_INFORMATION SUPPLIED_.
----

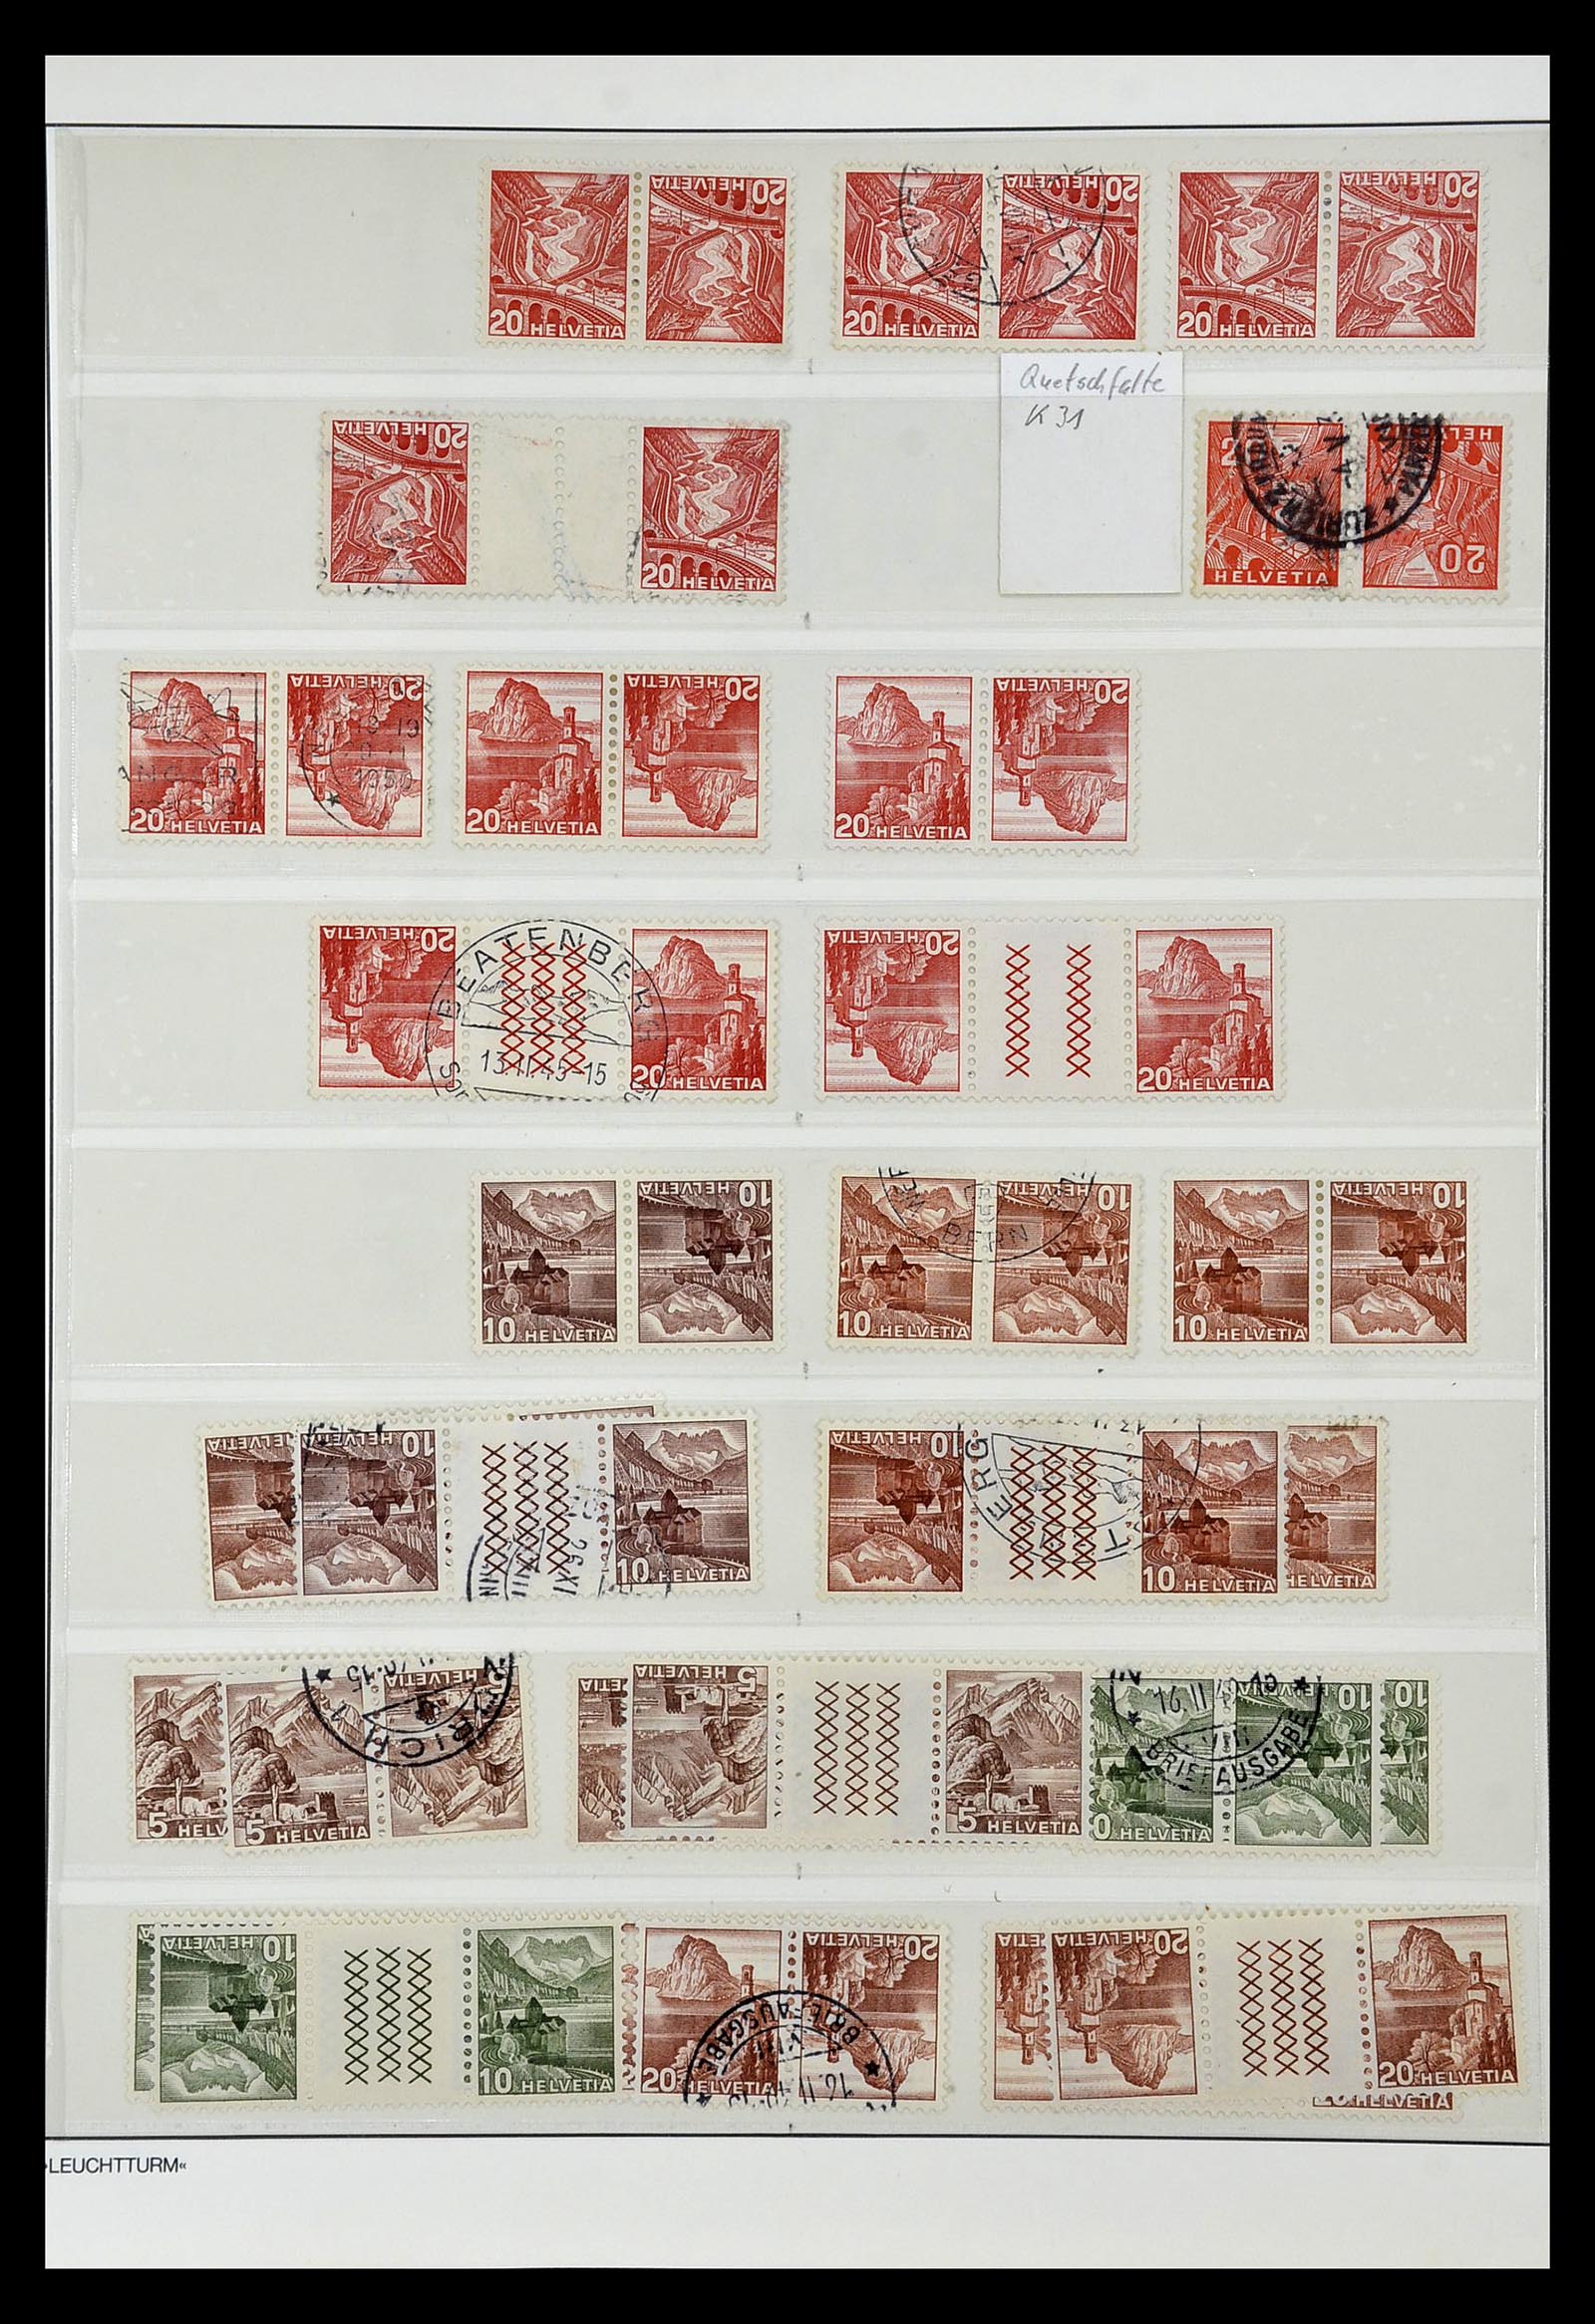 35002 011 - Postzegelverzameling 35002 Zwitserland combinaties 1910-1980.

----

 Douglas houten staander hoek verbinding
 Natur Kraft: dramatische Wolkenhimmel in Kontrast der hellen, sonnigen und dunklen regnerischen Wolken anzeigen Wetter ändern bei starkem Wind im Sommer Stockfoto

----

_WORK TO BE COMPLETED_. Extract exactly and only the lines above from the line containing "Douglas houten staander hoek verbinding" through the line containing "Natur Kraft: dramatische", both end lines included.

_SOLUTION TO THIS TASK_.
 Douglas houten staander hoek verbinding
 Natur Kraft: dramatische Wolkenhimmel in Kontrast der hellen, sonnigen und dunklen regnerischen Wolken anzeigen Wetter ändern bei starkem Wind im Sommer Stockfoto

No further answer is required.